I am currently watching a David Attenborough documentary on reptiles which is showing on Channel 9 tonight. There are many little interesting things, including the little Armadillo Lizard, which protects itself by biting it’s own tail, thus exposing a sharp exoskeleton. Also, there was video footage and information about a python, which ate a deer. Something similar to that below…
When watching it, I was struck by how many similarities there were between a python digesting an animal that was far to big for it, and a large company that was consuming another company through a merger or acquisition. A few of them are below.
1) The pythons heart grows to a size about 40% larger than it normal as the creature digests its food. Similarly, a corporate will increase the number of passionate people involved within it’s bowels when a merger happens. Unfortunately for the business, and fortunately for the python, the heart does shrink back to normal onve the digesting is done. In many mergers, the people who cared passionately about their respective companies, end up facing being somewhat jaded by the whole experience.

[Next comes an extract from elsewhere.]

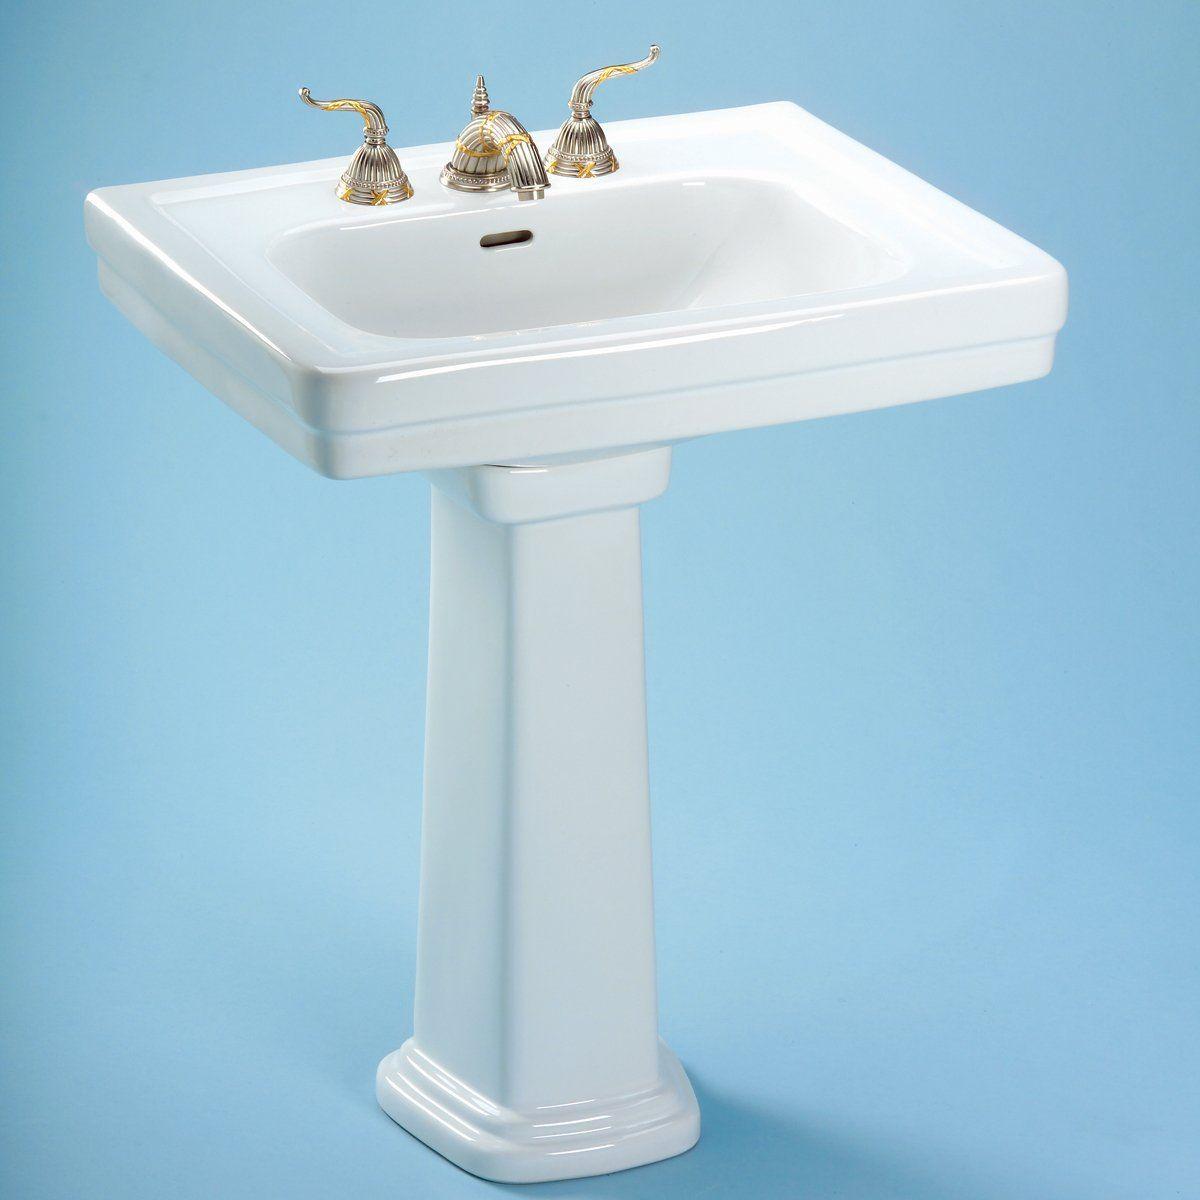 Toto LPT530.8N#01 Promenade Pedestal Sink | Bathing Beauties ...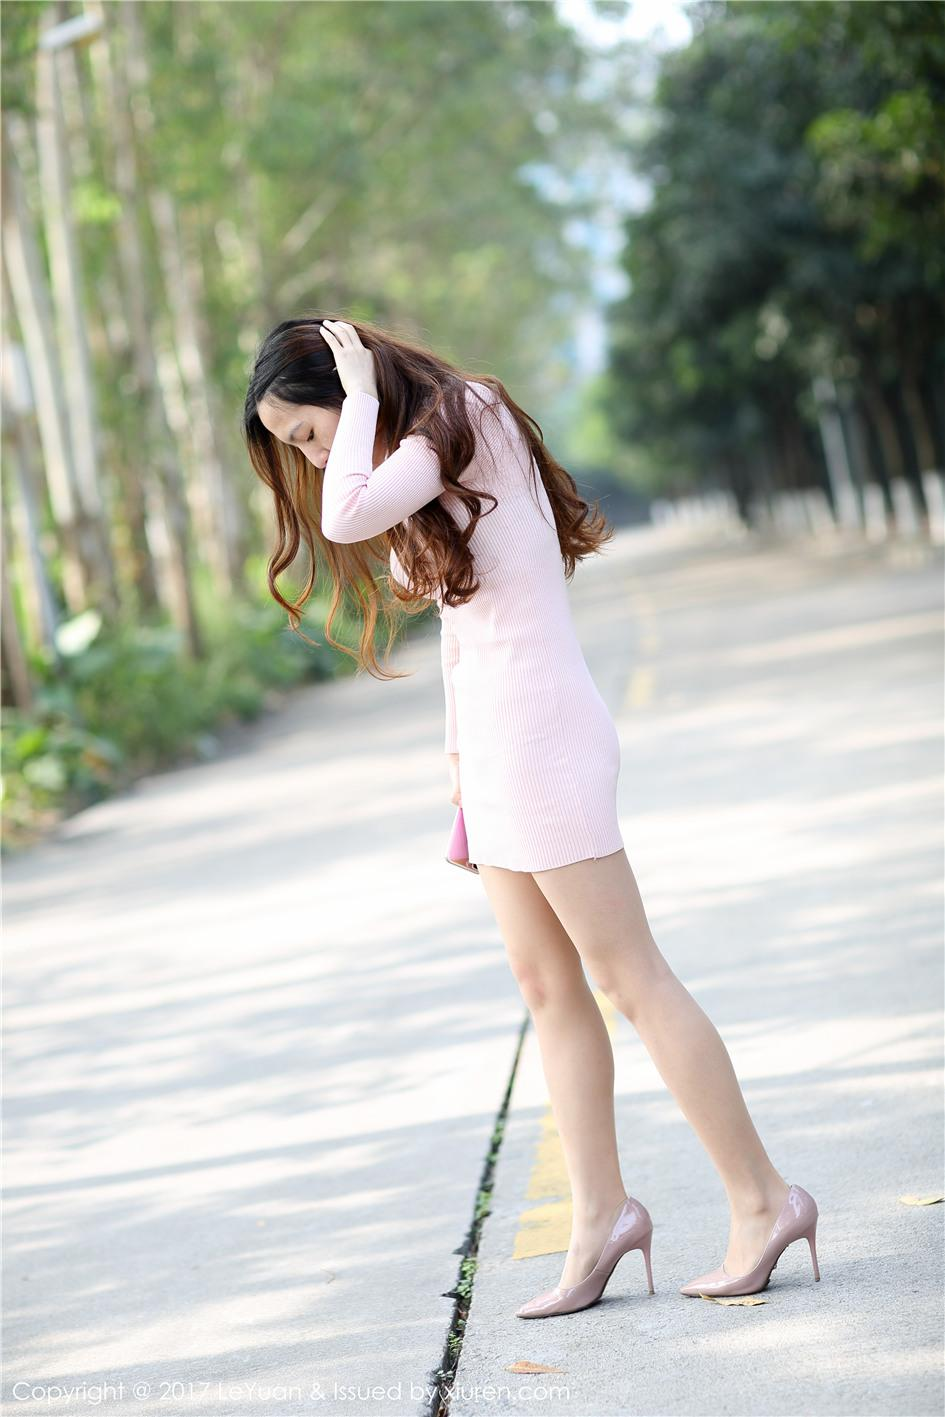 【星乐园】【琪玲】 街拍高跟丝袜美女琪玲高清丝足秀套图 VOL.030【24P】 X丝玉足

They end up leaving for greener pastures, leaving behind a smaller heart in what is now a much larger company.
2) The python is pretty defenseless whilst it eats its prey. It cannot breathe, save for it’s windpipe, which pushes itself out of the reptiles mouth to allow for air to be brought in. Large companies, too, are quite vulnerable whilst in the midst of a takeover bid. Private Equity raiders, competitors and even new start-ups generate new activity to take advantage of the new opportunities that will be standard once the merger has gone ahead. For many companies, it can be hard to adjust to the new way of operating, but many of those people left outside the takeover are quite aware of what to expect from the market once it settles again after the ‘digestion.’ They move faster into a position to take advantage of the soon to be new surroundings.
3) The Liver of the python doubles in size to help digest the prey, as does the number of external helpers and number of Learning and Development people present in a company going through a merge. I’m a great fan of consulting, and think it has a very real place in our business landscape. But, be aware, just like the python expanding it’s liver and draining it’s body of energy consulting fees can leave a company bereft of excess funds used to actually make stuff happen once the merger has finished.
Finally, there were many other similarities, but the thing that struck me most was that once the python digests the prey it may not have to eat again for months, or even a year. Many companies tend to work the same way. They feel hungry for growth, are tiring of the ‘business as usual’ paradigm that often sets in when a mission or strategy dwindles in allure. Once the ‘head,’ or the CEO office, decides that it is in fact hungry the business sets out to consume a new company for energy. Once sated, they sit for a long time after, maybe years, running down the people and energy that existed there during the ‘take-over’ years. Then, they saddle up again and go through the whole, draining process of swallowing another acquisition for yet more growth and energy. Some companies, such as Macquire Bank, seem to be forever hungry as they have teams of people specialised in digesting large takeovers and mergers.
Is this the way we should function as an economy, business and society?